# [Instructions to follow]
The lines below, from the one containing "High black women's" through the one containing "follow the debate!", should be set down exactly, with no pictures and nothing else.

# [Records for the task]
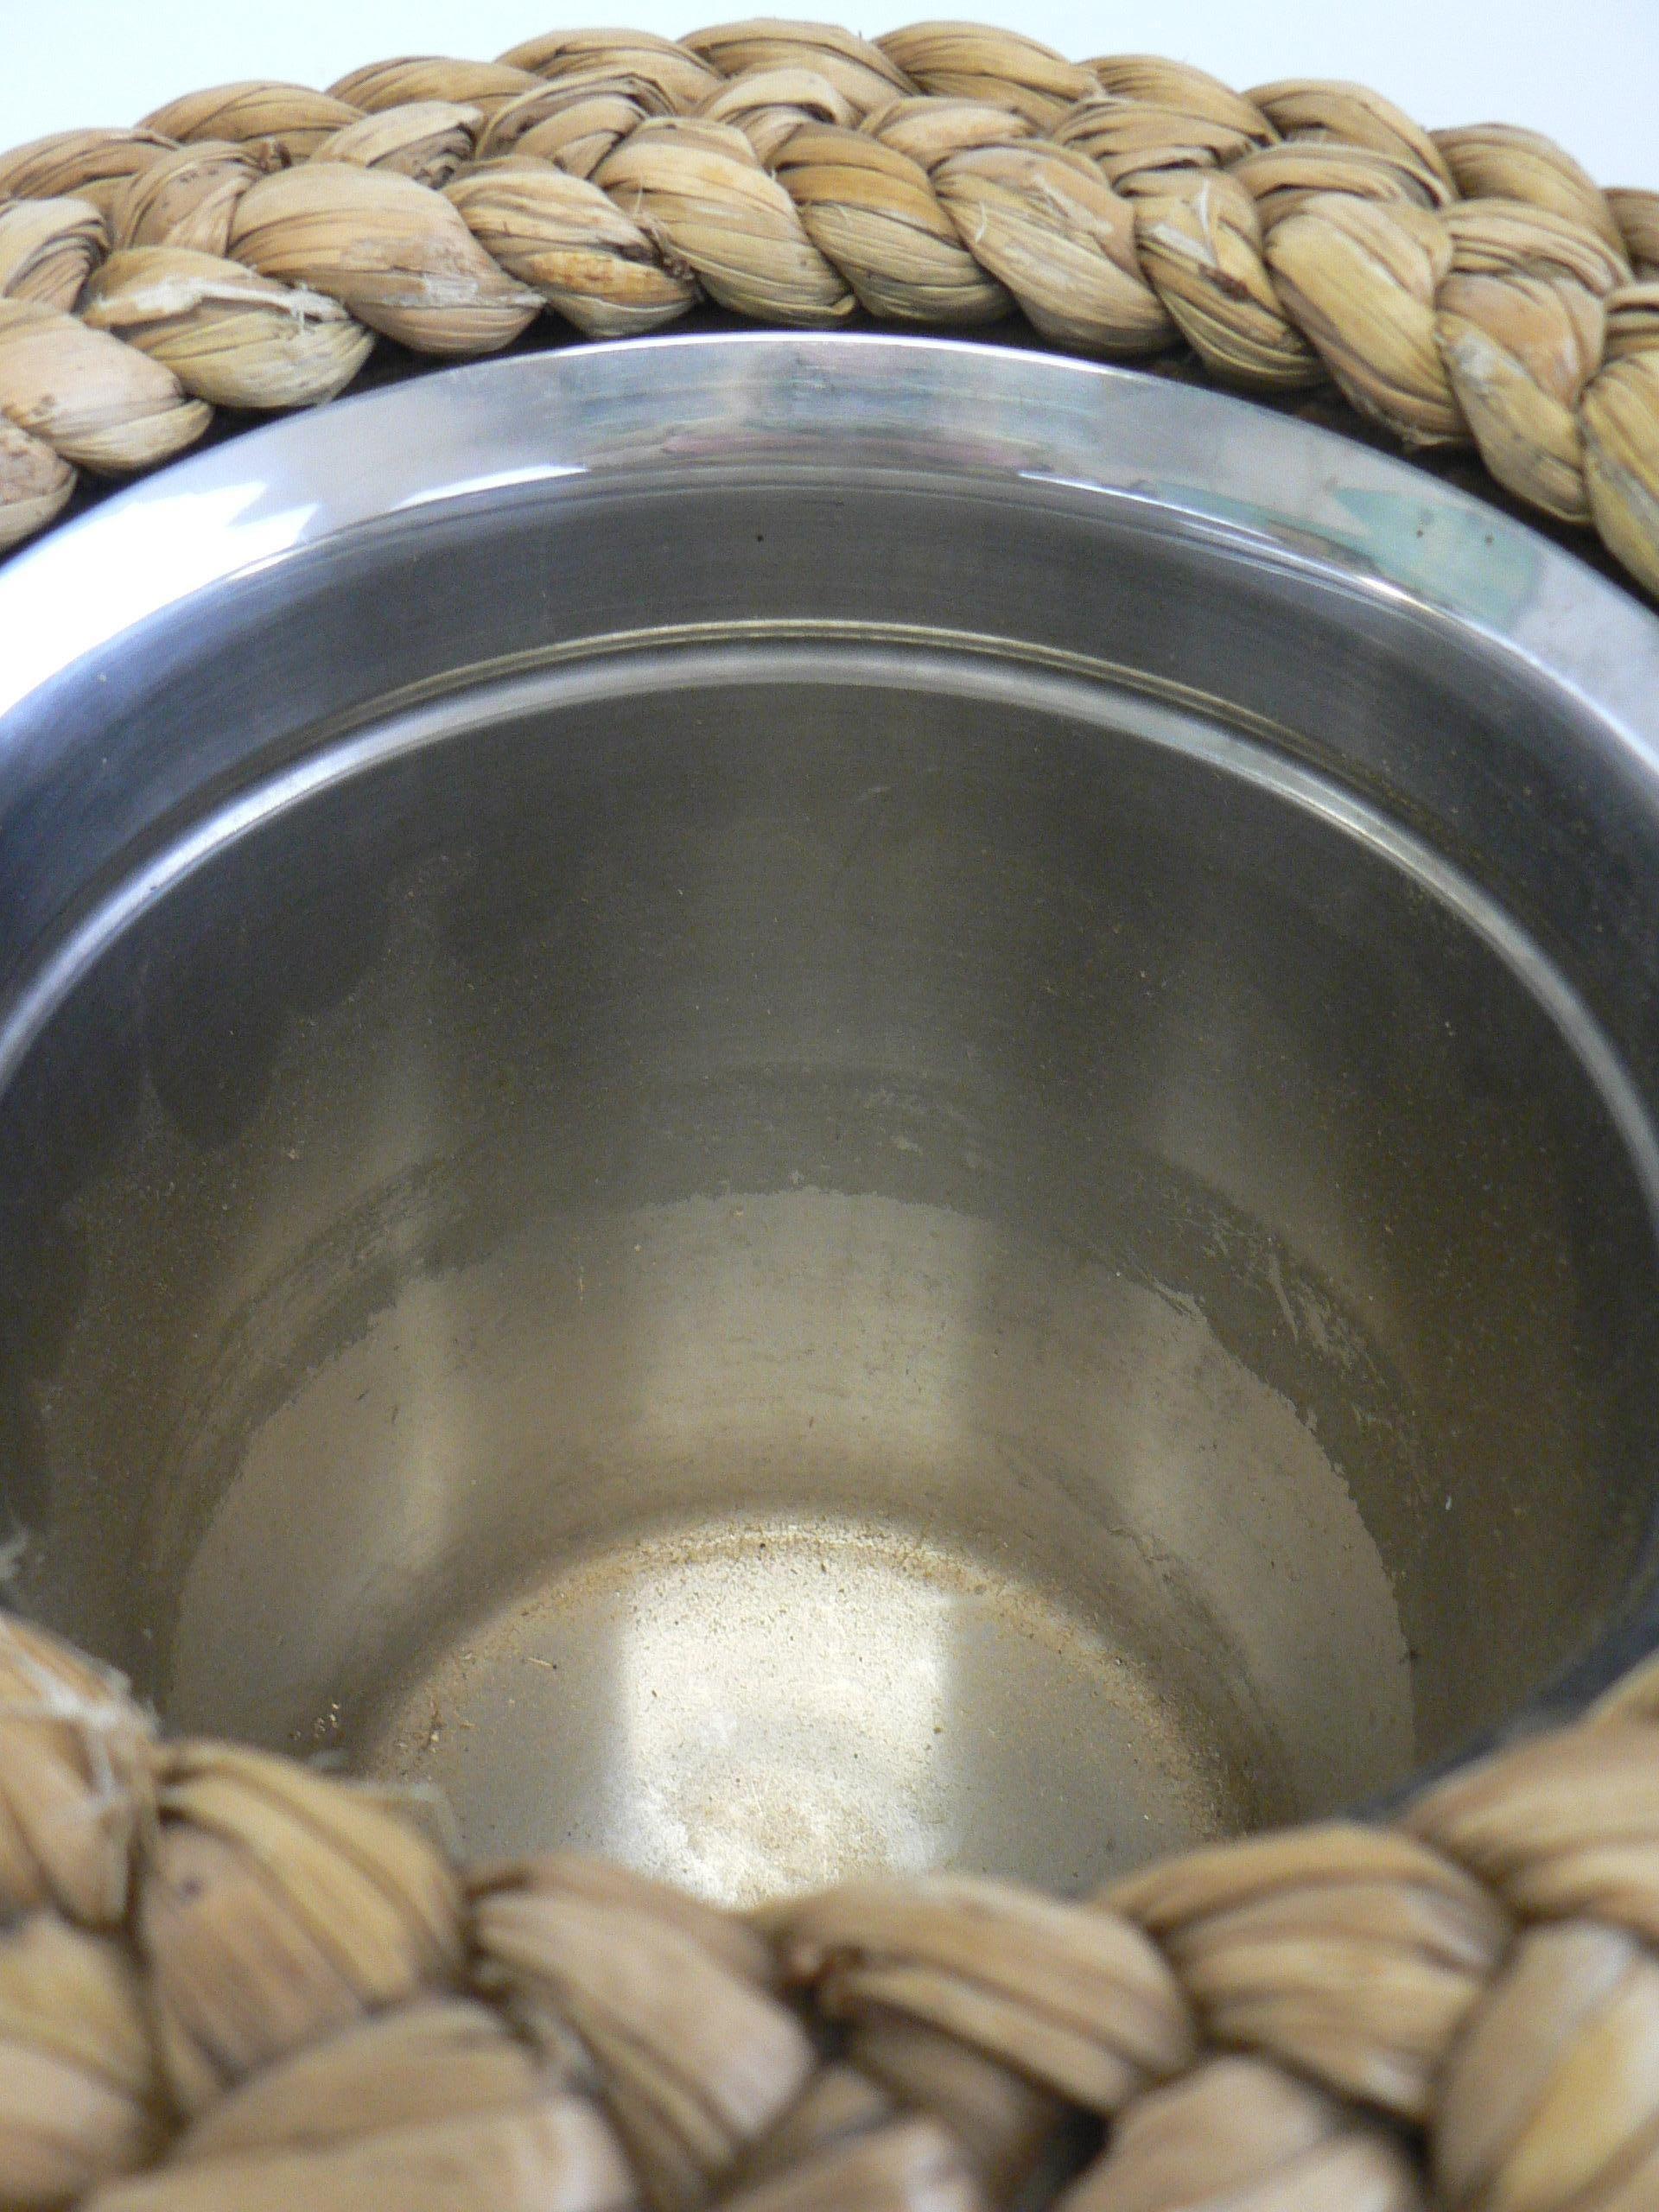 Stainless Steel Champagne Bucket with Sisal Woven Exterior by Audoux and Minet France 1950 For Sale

--

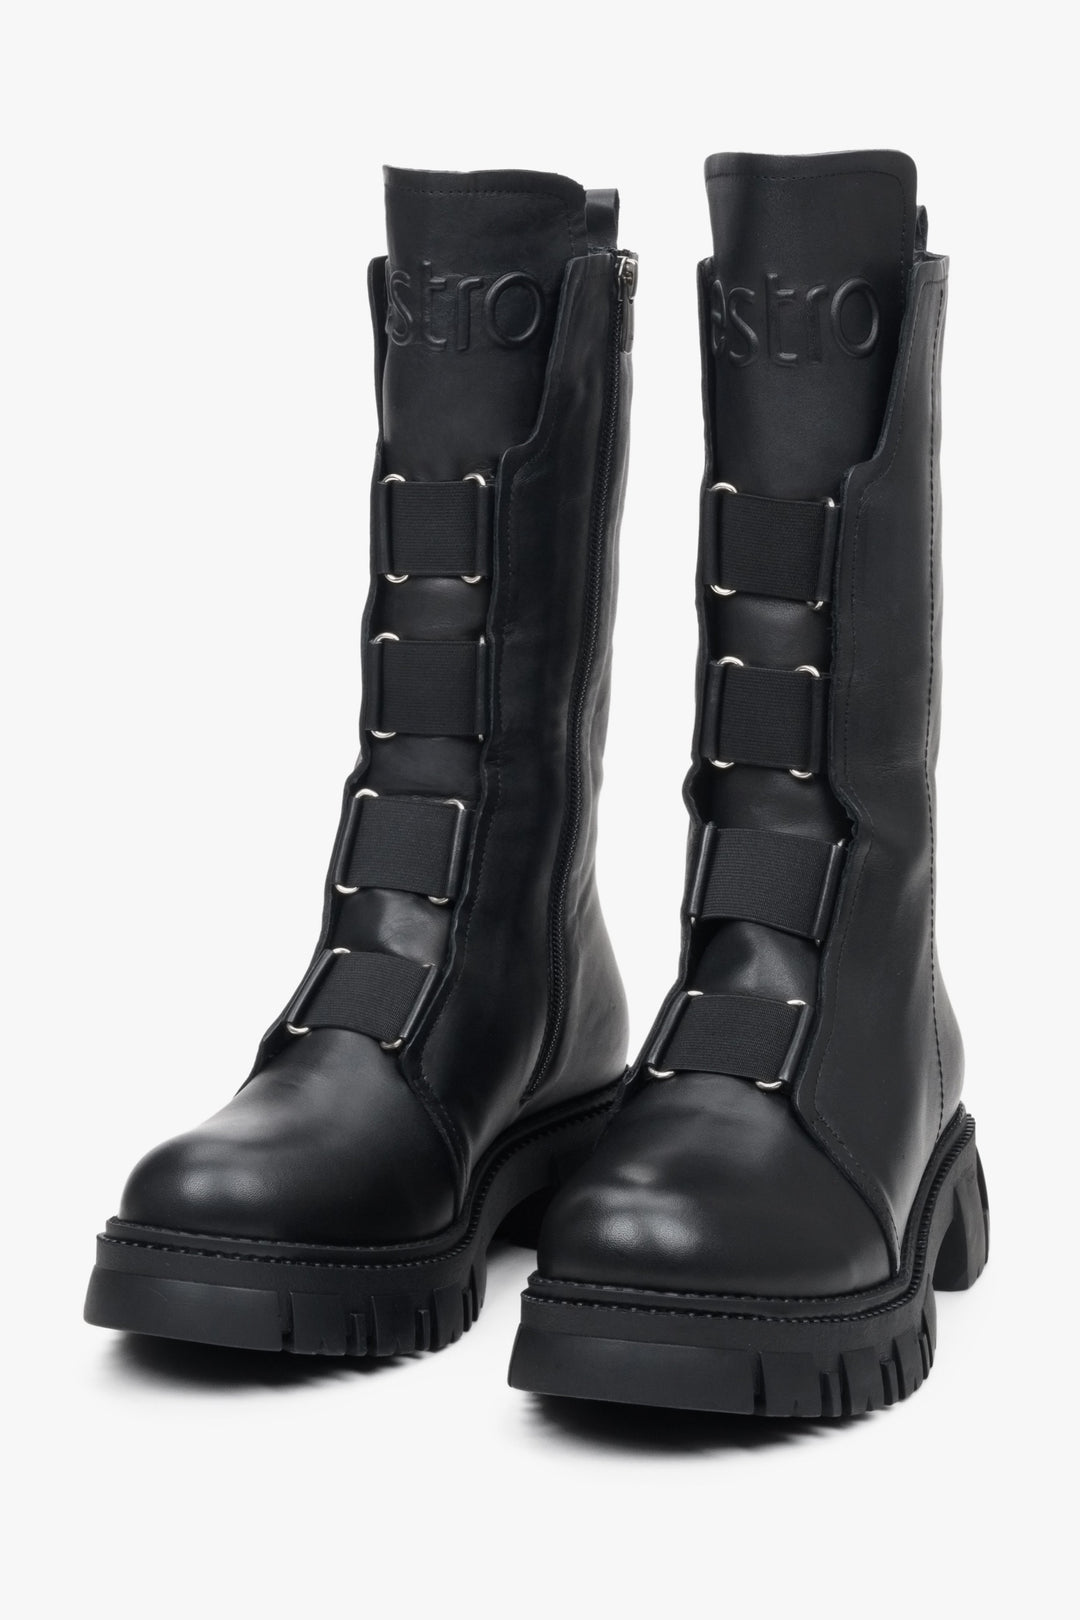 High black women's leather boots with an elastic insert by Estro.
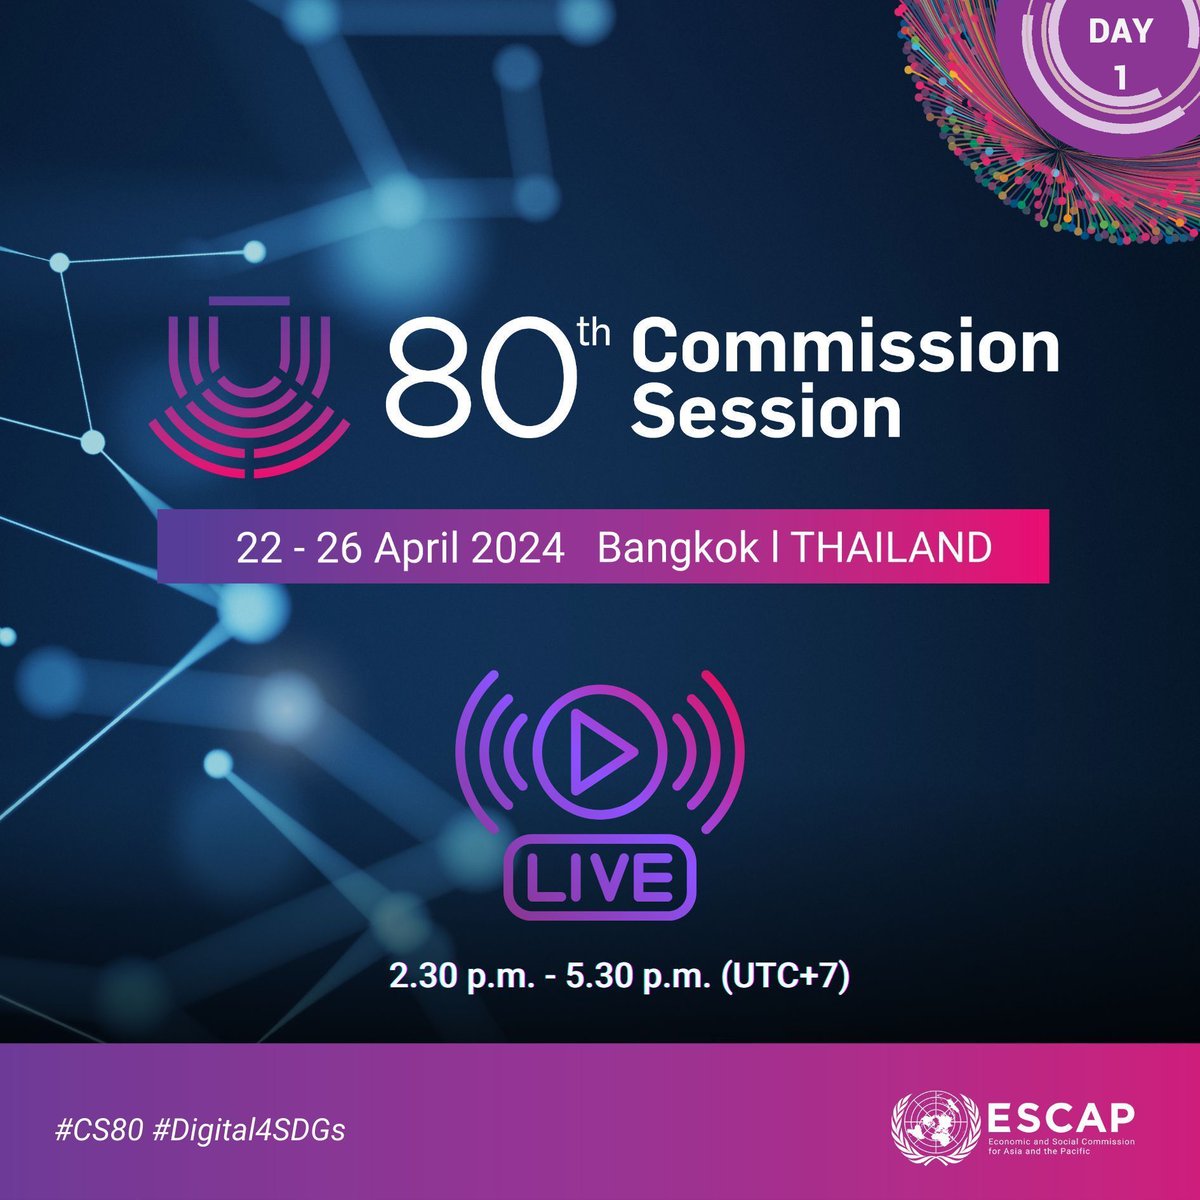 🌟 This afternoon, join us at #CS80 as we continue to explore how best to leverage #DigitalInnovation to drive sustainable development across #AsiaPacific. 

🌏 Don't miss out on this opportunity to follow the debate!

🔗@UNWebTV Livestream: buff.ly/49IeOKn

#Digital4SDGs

# [Response to this task]
 High black women's leather boots with an elastic insert by Estro.
 🌟 This afternoon, join us at #CS80 as we continue to explore how best to leverage #DigitalInnovation to drive sustainable development across #AsiaPacific. 

🌏 Don't miss out on this opportunity to follow the debate!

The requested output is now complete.